4.6 Limitation Analysis
Although extensive experiments demonstrate the effectiveness of our method in MedISeg tasks, there are two notable limitations. First, while our CC layer may introduce minimal computational costs, this slight addition contributes to promising performance improvements. Second, different medical images may exhibit small lesions and irregular boundaries, which can affect the details captured by our CC layer’s local extraction. Additionally, varying scanning directions and CC layers may influence the performance of MedISeg tasks. However, our current configurations for scanning directions and CC layers are fixed, underscoring the need for more adaptive strategies. As shown in Fig. 8, there are several failure examples from the ISIC18 [34] dataset. We can observe that the fixed configuration of global scan directions and local CC layers may impact performance, particularly in capturing the details of irregular boundaries and complex structures. The model struggles to replicate the intricate features represented in the ground truth, leading to discrepancies in segmentation results. An adaptive configuration could enhance our model’s ability to discern these features more effectively. Given that our CC layers utilize different clustering centers, varying clustering centers can capture different local details. Furthermore, different scan directions can facilitate varying global interactions, which also affect performance in MedISeg tasks. Adopting a more flexible approach could significantly improve segmentation accuracy by allowing the model to better adapt to the unique characteristics of each medical image. Therefore, developing more adaptive configurations for scan directions and CC layers could enhance performance in both global and local extraction.
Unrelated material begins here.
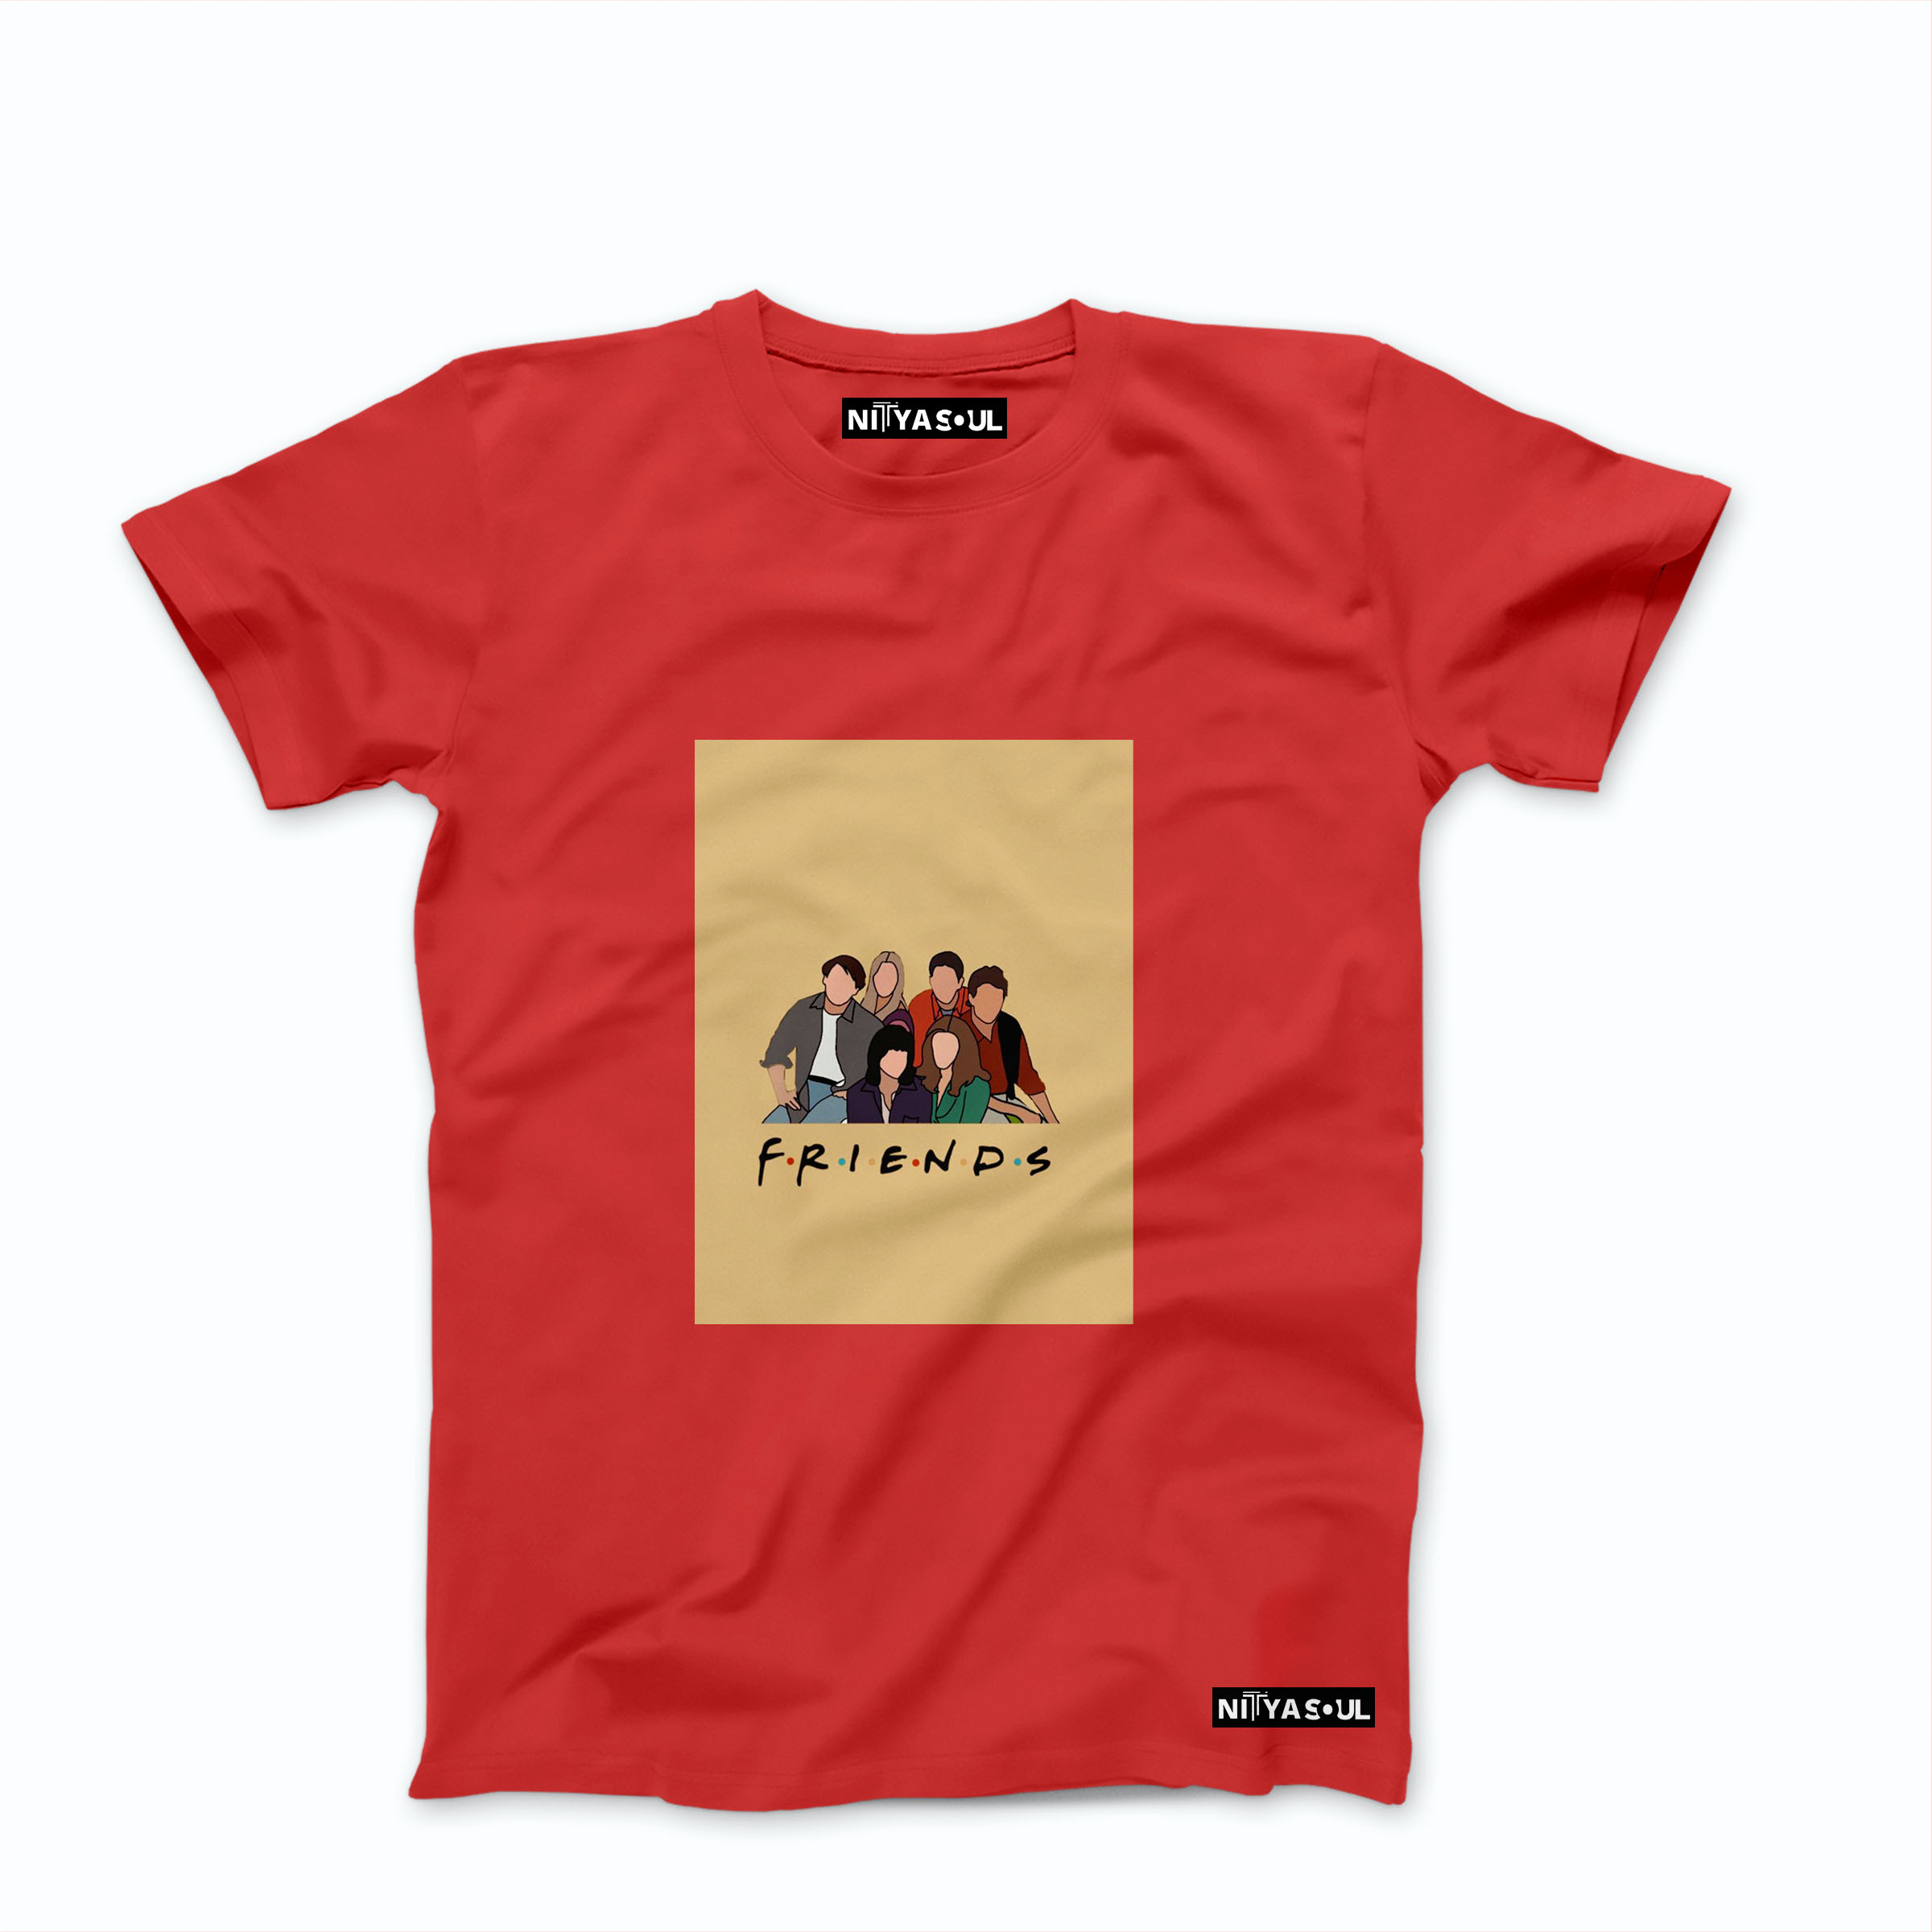 Friends T-shirt

In the future, we will focus on implementing these adaptive strategies, exploring dynamic configuration algorithms that can adjust in real-time based on the input data characteristics.
5 Conclusion
In this paper, we introduce CCViM, a U-shaped architecture designed for medical image segmentation that inherits the efficiency and effectiveness of Mamba. The proposed CC layer partitions feature into distinct windows for learnable local clustering, dynamically capturing spatial contextual information. Based on the CC layer, our CCS6 layer combines the proposed CC with traditional global scanning strategies, significantly enabling our model to capture both local and global information. We compare our CCViM with state-of-the-art models on nuclei segmentation, skin lesion segmentation, and multi-organ segmentation datasets, comprehensive experiments demonstrate the promising performance of our model in medical image segmentation. In the future, we will explore effective searching methods that combine traditional scanning strategies and our CCs in a computation-free way. Furthermore, we will explore the application of Mamba-based methods in diverse medical image recognition tasks, such as registration and reconstruction.